# Special Blend Utility jacket



## FreshPowder (Oct 20, 2009)

Im looking at a special bled untility jacket and it looks legit. Has anyone had any experience with this jacket? Whats your guys oppinion on it?


----------



## milner_7 (Feb 14, 2009)

Bought one for this season but have not had a chance to use it yet, Quality is top notch. Lots of pockets. and fit is great. It has a loose fit so lots of room to move and layer. It does not come with a liner but that is great on warmer days so you can remove a layer or 2.


----------



## FreshPowder (Oct 20, 2009)

What size did you get? Whats your specs: hight, weight... No **** btw lol


----------



## john doe (Nov 6, 2009)

Not quit the SB Utility but I just got the SB Control a few weeks back. I really like it and how it fits me but haven't had a chance to use it on snow yet. Here's a picture. http://home.earthlink.net/~zymurgyjwt/snowboarding-gear.jpg I'm 5'7.5" 190lbs with a 40" chest and 49" around the shoulders. With no gloves the sleeves come to the bottom of my pinky finger and the hem comes to the bottom of my ass. The jacket and pants are a large. The pants are SB's also.


----------



## FreshPowder (Oct 20, 2009)

Nice set up. yeah i already have SB pants, bought them this year. My whole problem is that prety much every website that carries this jacket has different specs. lol im 6'2" 160. with a 38" chest.


----------



## john doe (Nov 6, 2009)

In case you're planning on ordering it I took a couple more measurements. The wingspan of the sleeves is 71" and the front zipper measures 32" long. You might need the XL. The snap in connection for the powder skirt to pants is pretty good.


----------



## FreshPowder (Oct 20, 2009)

Hummm... that makes things a little more dificult lol. hopefully theres other people out there with this jacket and their comments will help out some more.


----------



## milner_7 (Feb 14, 2009)

FreshPowder said:


> What size did you get? Whats your specs: hight, weight... No **** btw lol


Mines a medium. I am 5'6" stalky build. 160 lbs. like I said lots of room to layer.


----------



## FreshPowder (Oct 20, 2009)

Well i think im going to go with a large. So if it doesnt fit i guess you all will be seeing it on here. lol thanks for the input.


----------



## FLuiD (Jul 6, 2009)

I have one in black. It's decent. Not as nice as some of my Volcom or 686 stuff but does the job.
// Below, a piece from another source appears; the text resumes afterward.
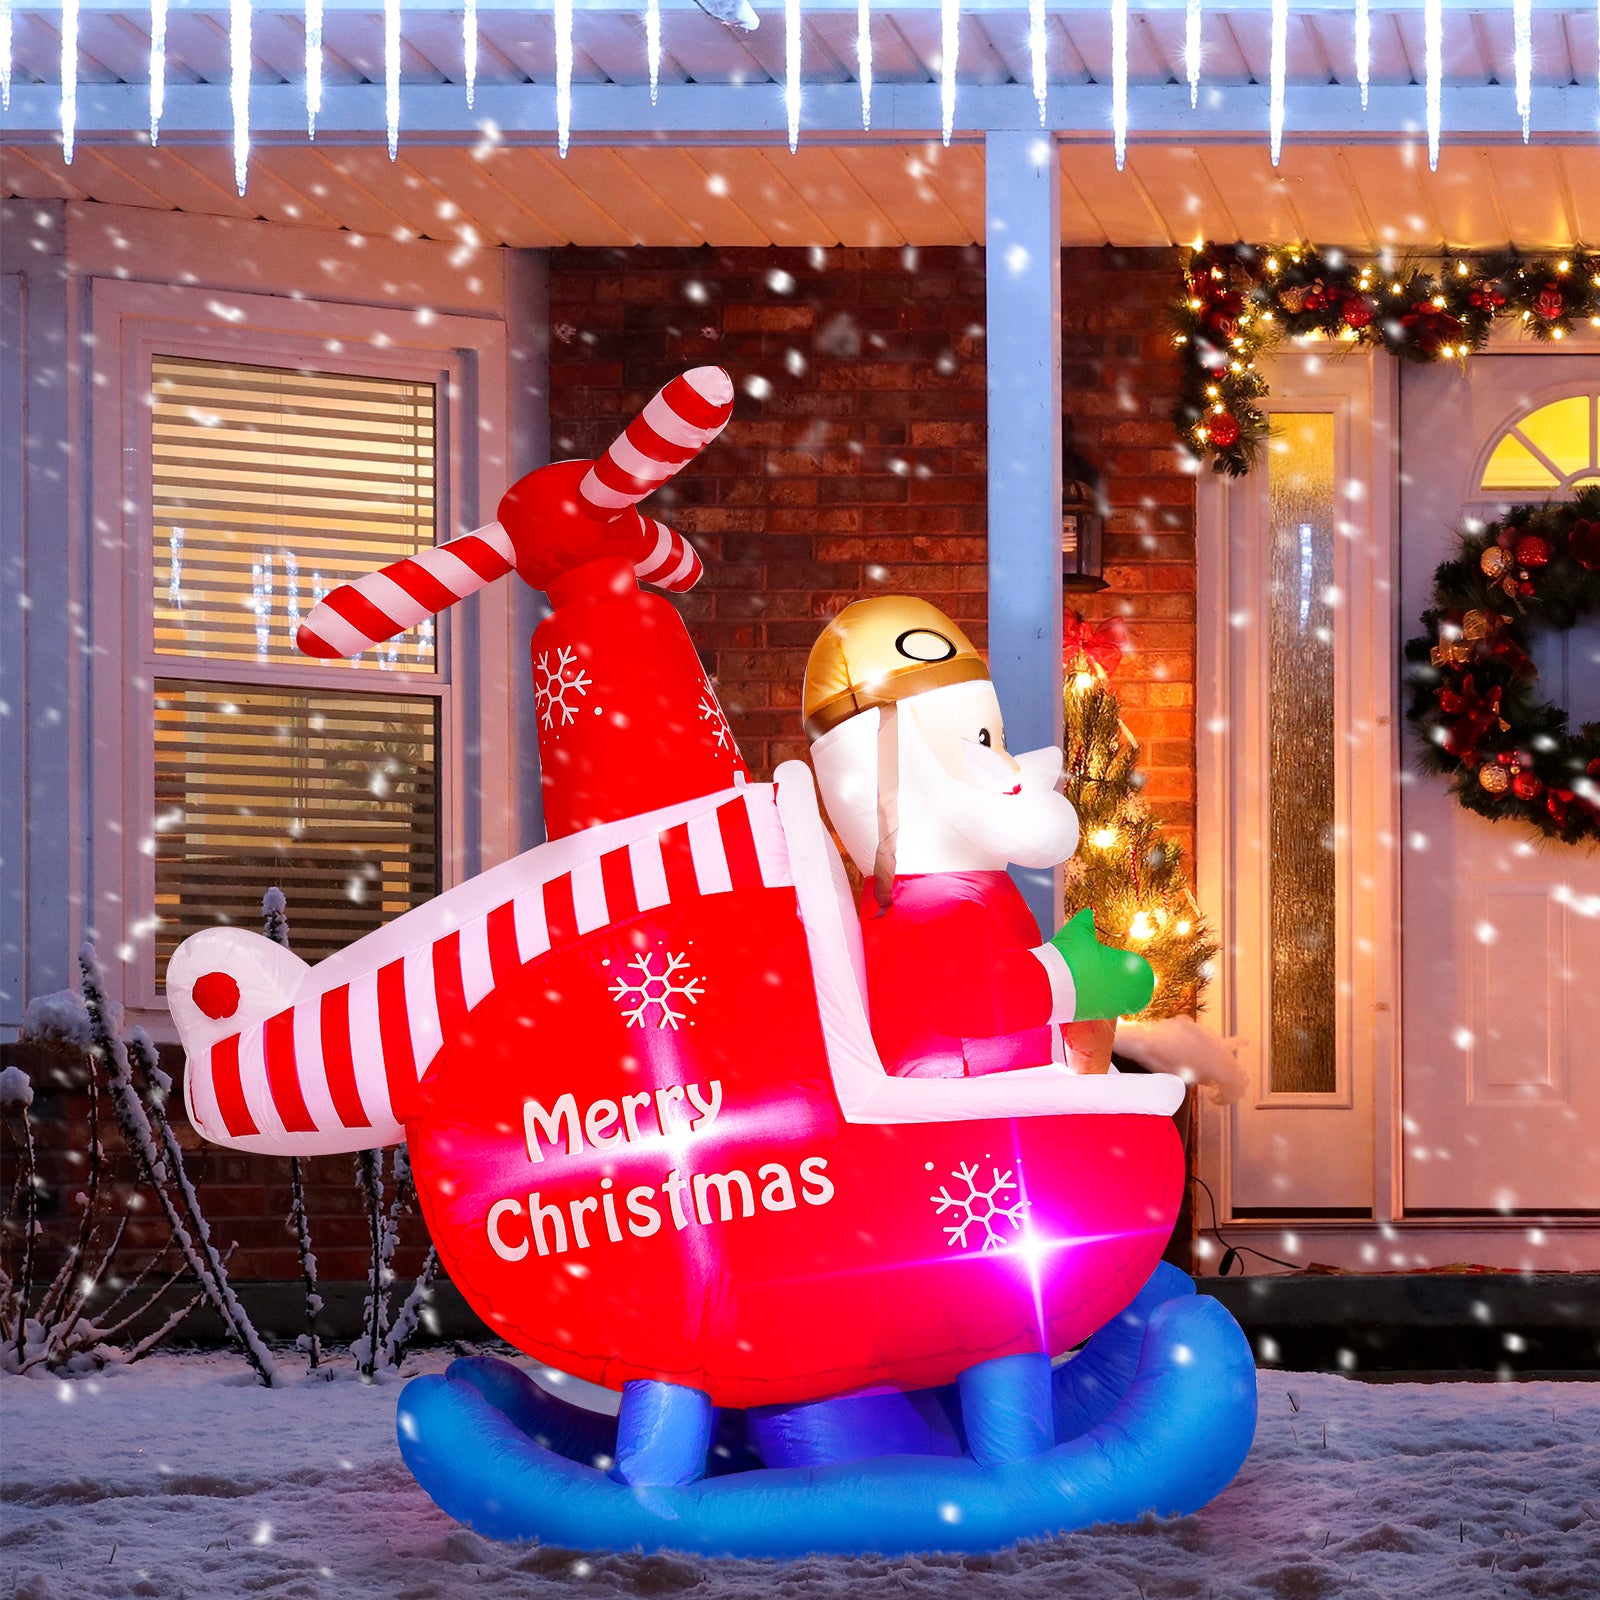 6FT Christmas Decorations Inflatable Santa, Built-in LED Outdoor Indoor Yard Lighted for Holiday Season,Quick Air Blown Santa w/Helicopter

My gripe is the black one has a nasty purple liner, ewww. BTW, you may wanna search the forum too as this jacket has been covered a few times now!


----------



## FreshPowder (Oct 20, 2009)

Being fairly new to this site.. is there a quicker way to search the forum without going page by page? or point me in the directin that it maybe located. thanks


----------



## FLuiD (Jul 6, 2009)

Not a problem!!! http://www.snowboardingforum.com/search.php


----------



## FreshPowder (Oct 20, 2009)

Thanks man. Didnt help to much. Just talked about how everyone loves SB and that jacket. Nothing on sizes tho really.


----------